Fast and Low Power Implementation of RSA on Ternary Galois Field

Srividya B V; Nagarathna; Soumya S; Harikeerthan M K

doi:https://doi.org/10.14445/22315381/IJETT-V73I12P102

Research Article | Open Access | Download PDF

Volume 73 | Issue 12 | Year 2025 | Article Id. IJETT-V73I12P102 | DOI : https://doi.org/10.14445/22315381/IJETT-V73I12P102

Fast and Low Power Implementation of RSA on Ternary Galois Field

Srividya B V, Nagarathna, Soumya S, Harikeerthan M K

Received	Revised	Accepted	Published
08 Mar 2025	14 Nov 2025	25 Nov 2025	19 Dec 2025

Citation :

Srividya B V, Nagarathna, Soumya S, Harikeerthan M K, "Fast and Low Power Implementation of RSA on Ternary Galois Field," International Journal of Engineering Trends and Technology (IJETT), vol. 73, no. 12, pp. 10-23, 2025. Crossref, https://doi.org/10.14445/22315381/IJETT-V73I12P102

Abstract

Data transmission and reception are getting more expensive.

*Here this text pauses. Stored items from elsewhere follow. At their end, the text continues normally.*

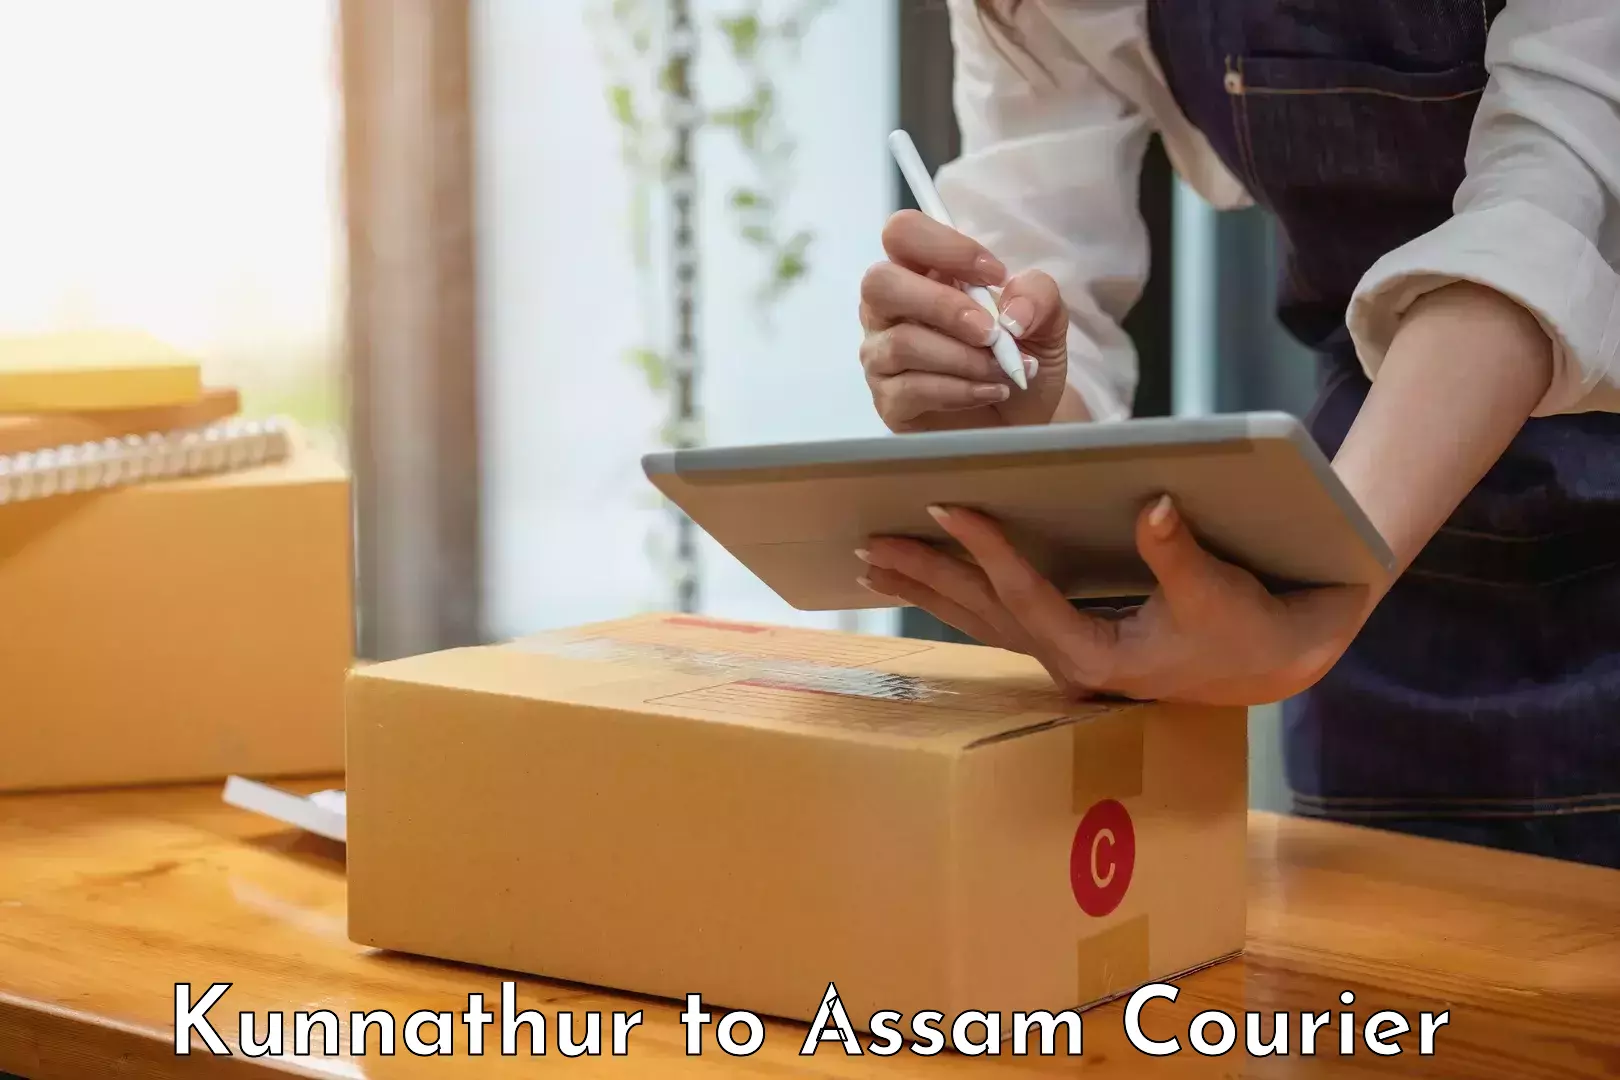 Smart courier technologies Kunnathur to Lala Assam
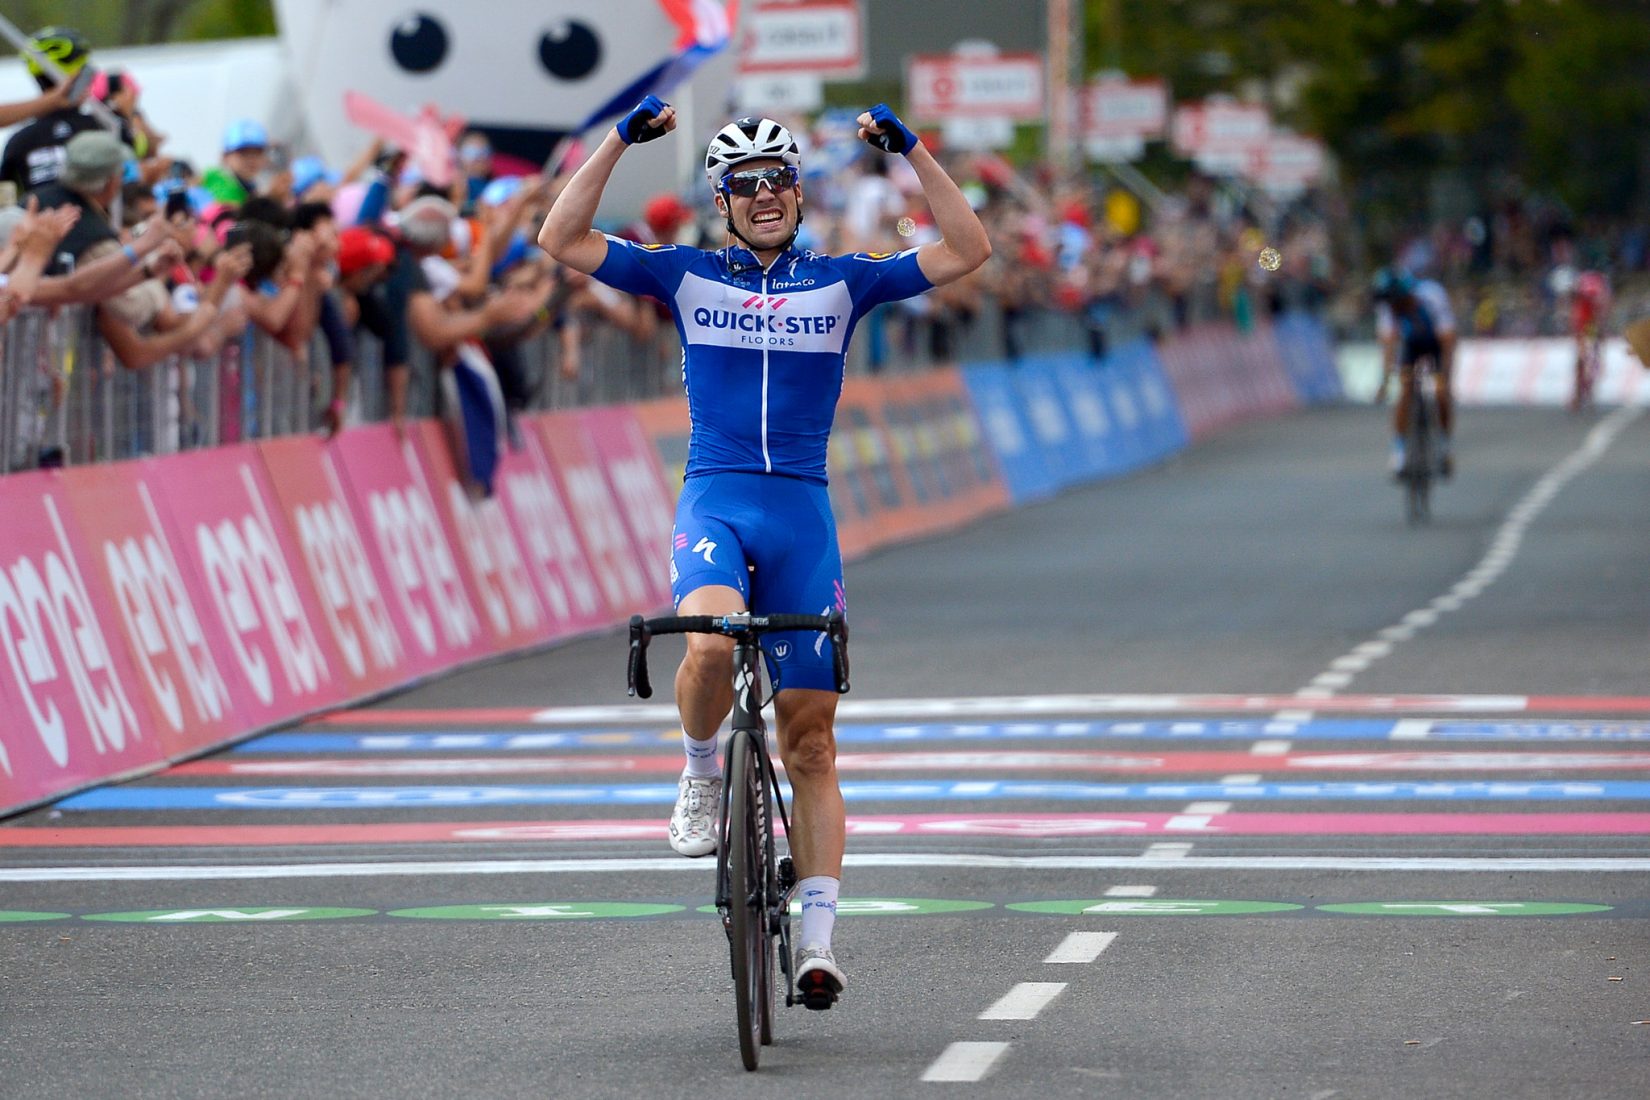 Giro 101: Arriva la fuga! A Prato Nevoso vince Schachmann - Maglia Rosa sotto attacco
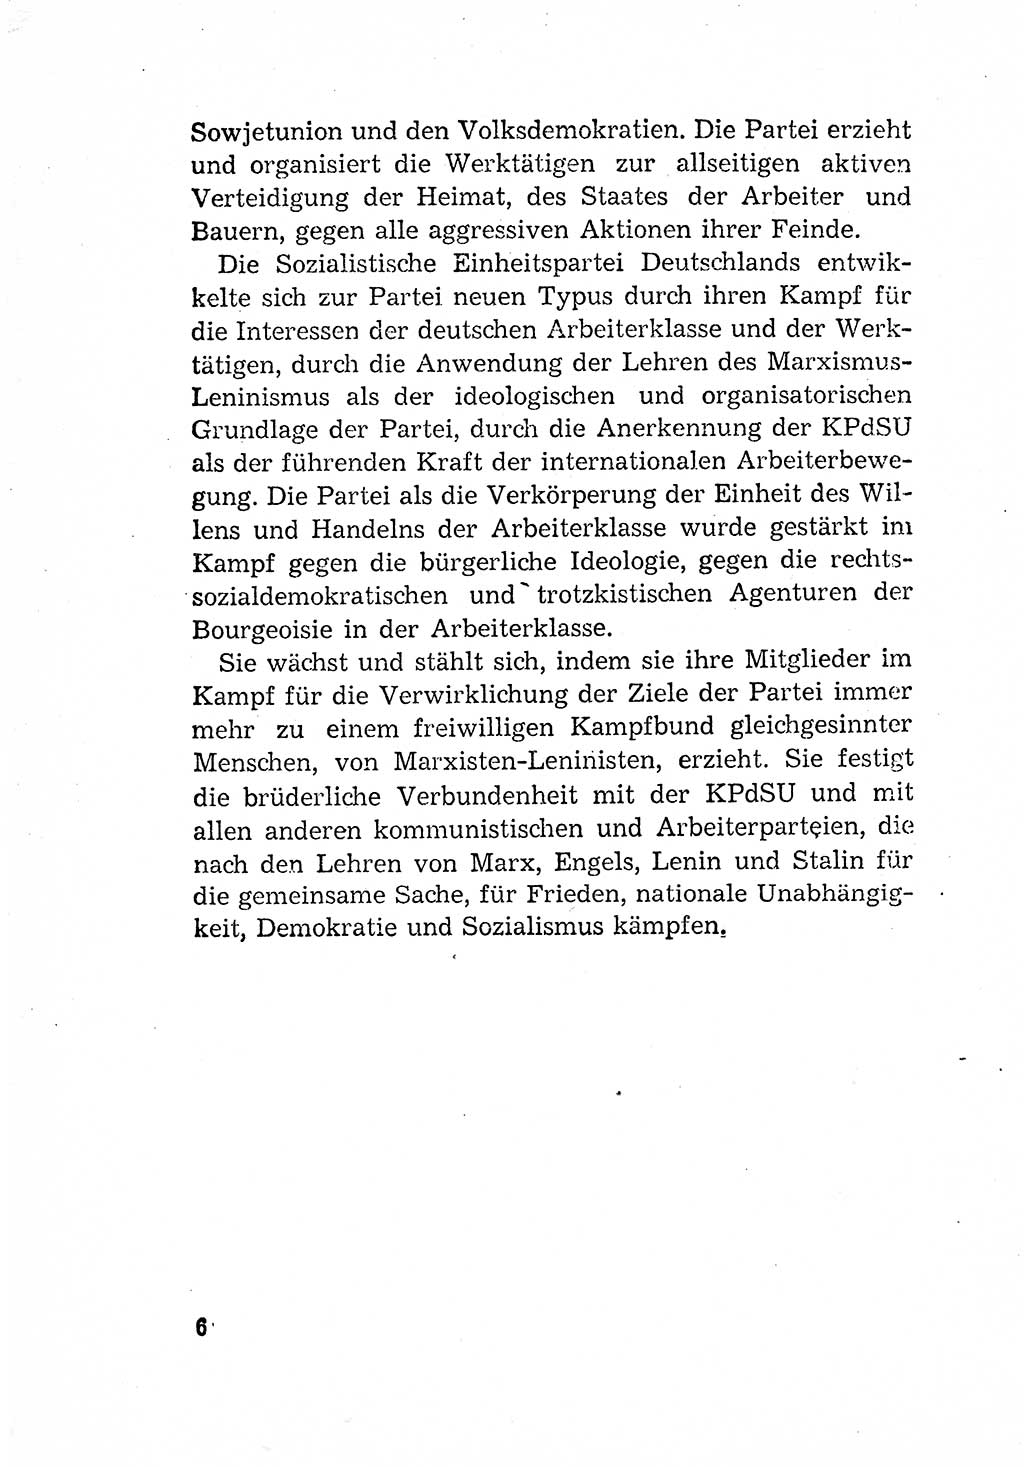 Statut der Sozialistischen Einheitspartei Deutschlands (SED) [Deutsche Demokratische Republik (DDR)] 1958, Seite 6 (St. SED DDR 1958, S. 6)

As a result, it is now more challenging to store and maintain the security of information. This necessitates a secure connection in each application. One potential method for data security is cryptography. Besides defense-related uses, cryptography has many other uses in the modern world, including social networking, email, and e-commerce. Cryptography is a crucial element of pre-designed interfaces, such as embedded systems. The majority of cryptographic methods involve modular operations involving Galois Fields GF (pm), where ‘m’ stands for power and ‘p’ for base, which are prime numbers. This research uses the Forced Stack approach, which has a low leakage power, to implement the Ternary Galois field. This work reports a low-power and high-frequency RSA cryptosystem to accomplish the goal. In order to implement the algorithm in hardware, Ternary circuits that are capable of efficiently carrying out the encryption, decryption, key generation, and key storage operations for the RSA algorithm have been designed using Cadence Virtuoso.

Keywords

Low power ternary VLSI circuits, Ternary galois field, RSA algorithm, Encryption, Decryption.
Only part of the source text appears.